▸ INPUT MATERIAL:
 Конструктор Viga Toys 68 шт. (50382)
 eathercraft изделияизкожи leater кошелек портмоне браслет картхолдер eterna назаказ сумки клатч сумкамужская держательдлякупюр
==
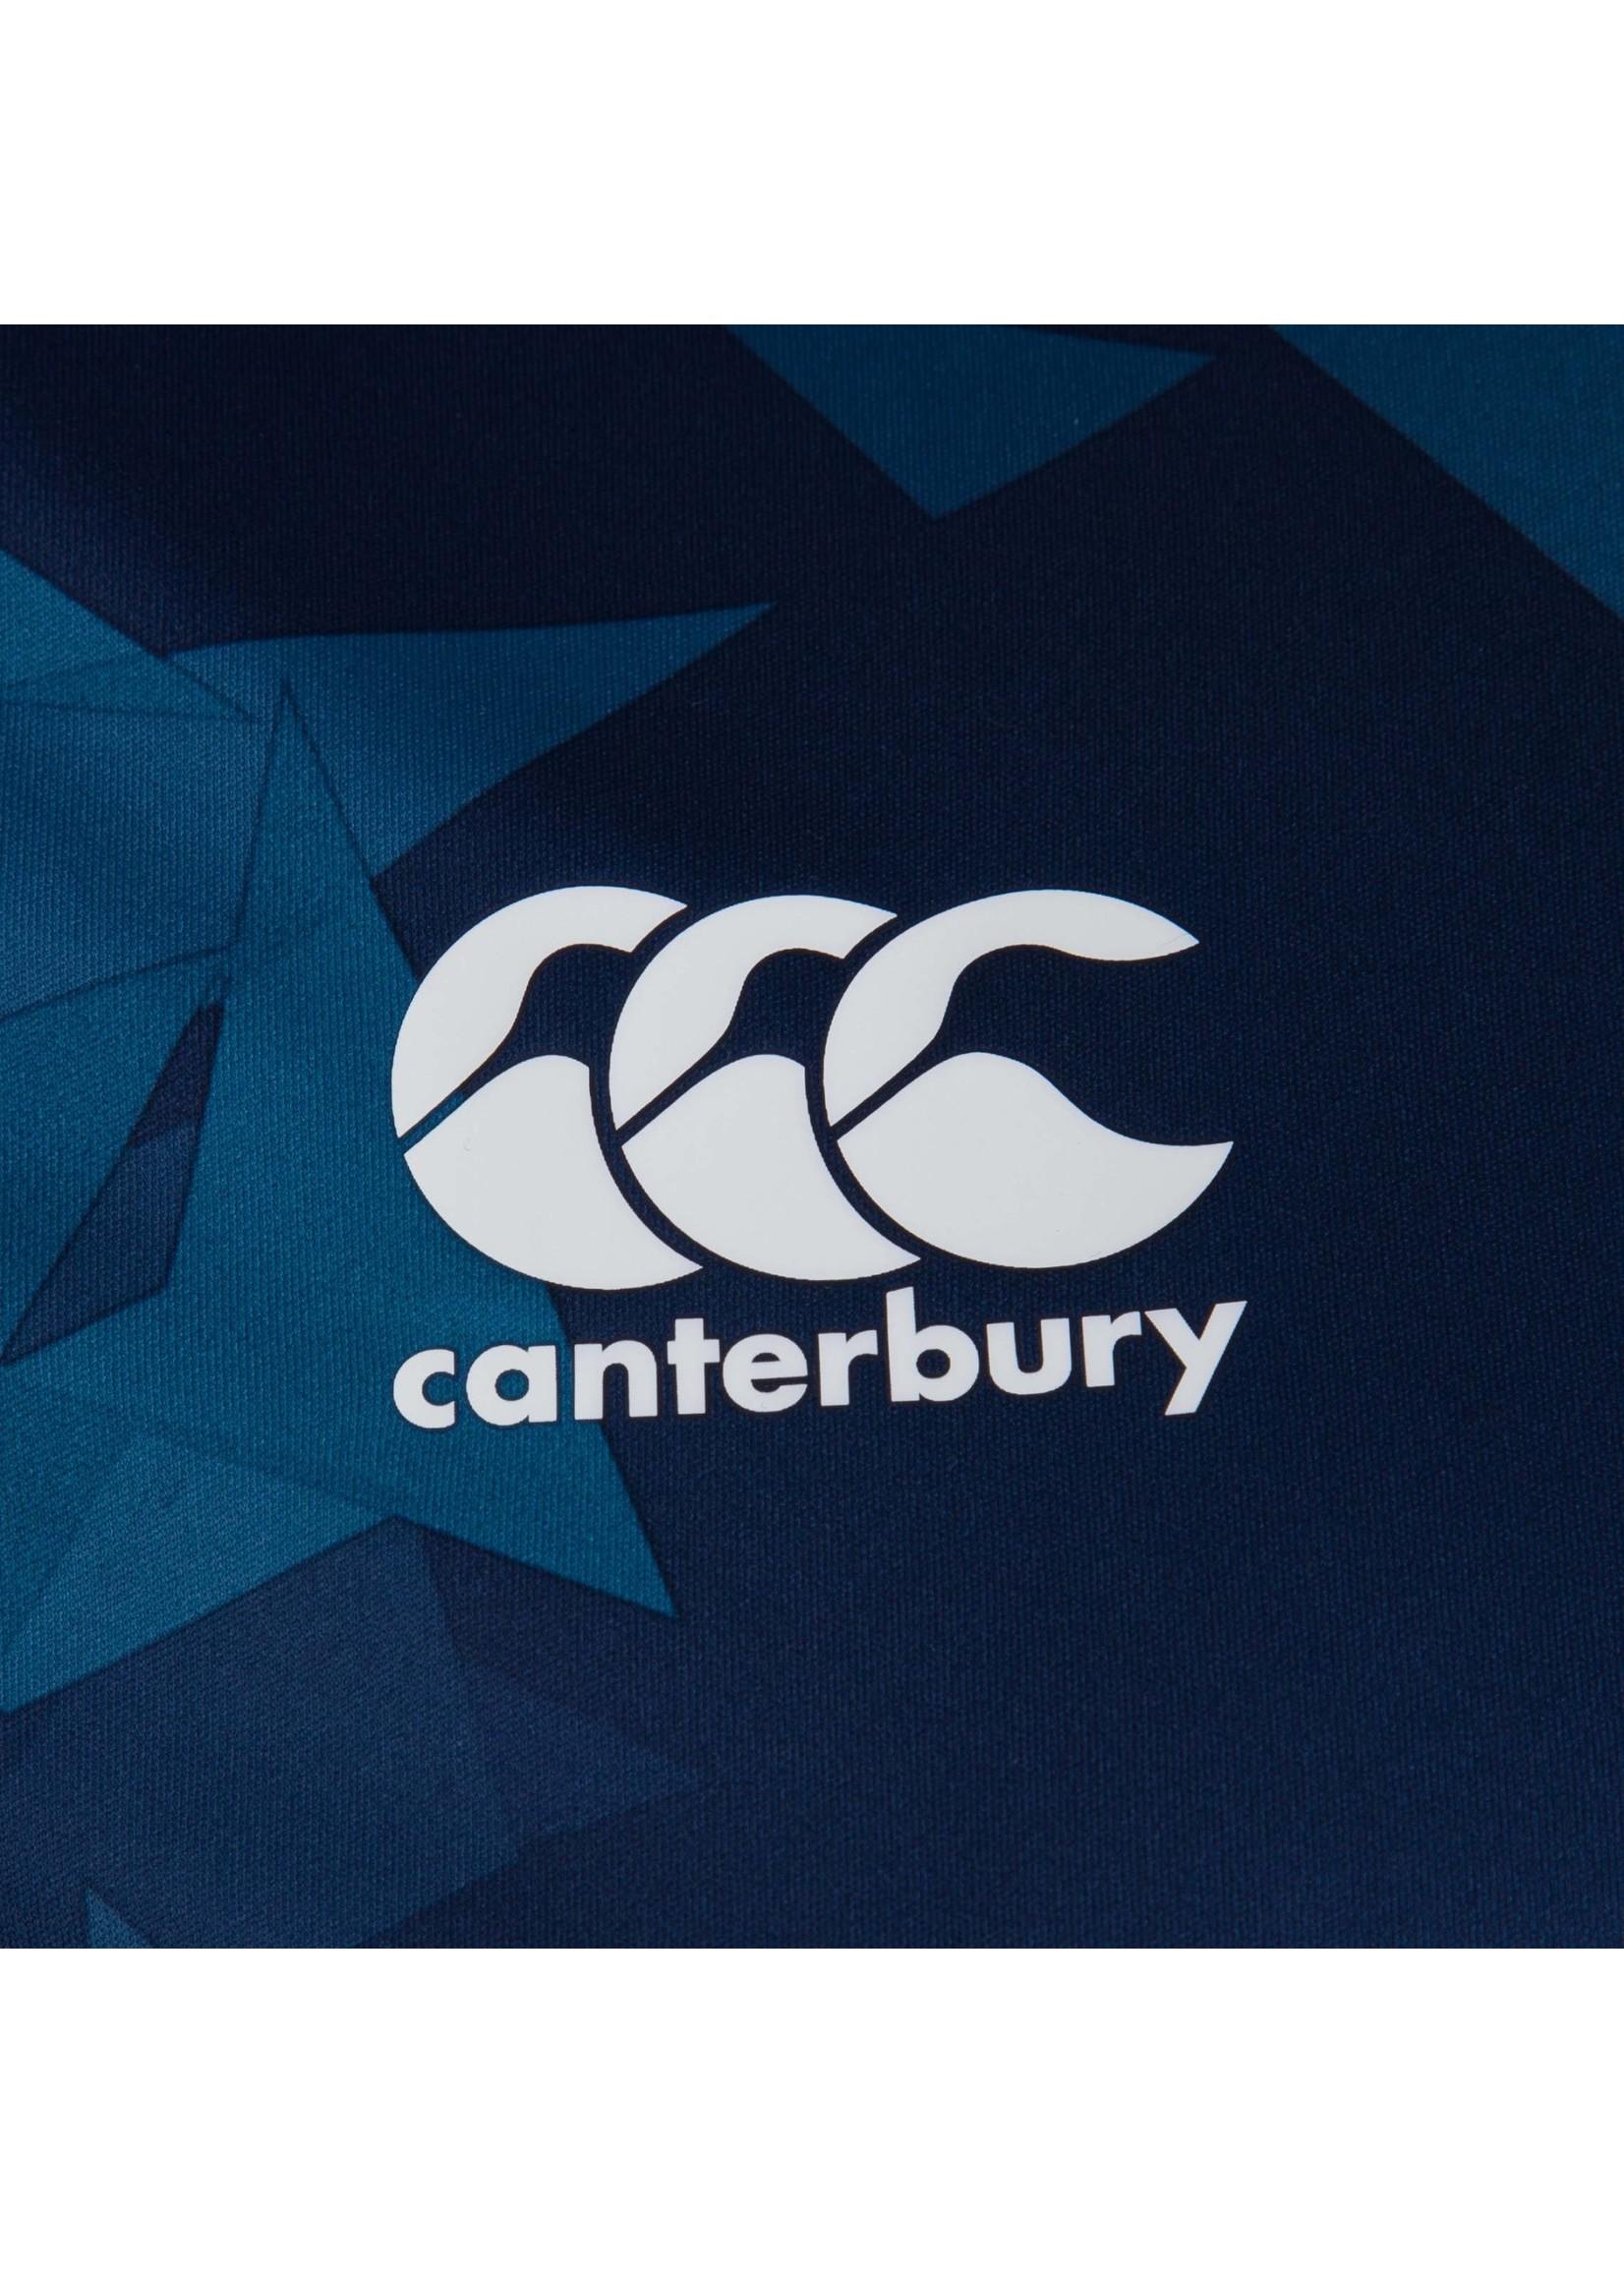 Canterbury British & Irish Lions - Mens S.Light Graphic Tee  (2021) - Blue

▸ WHAT YOU SHOULD DO: Look above for the line with "Конструктор Viga Toys 68 шт. (50382)" and the line with "eathercraft изделияизкожи leater". Retype those two lines and every line between them exactly, adding nothing.

▸ ANSWER SPACE:
 Конструктор Viga Toys 68 шт. (50382)
 eathercraft изделияизкожи leater кошелек портмоне браслет картхолдер eterna назаказ сумки клатч сумкамужская держательдлякупюр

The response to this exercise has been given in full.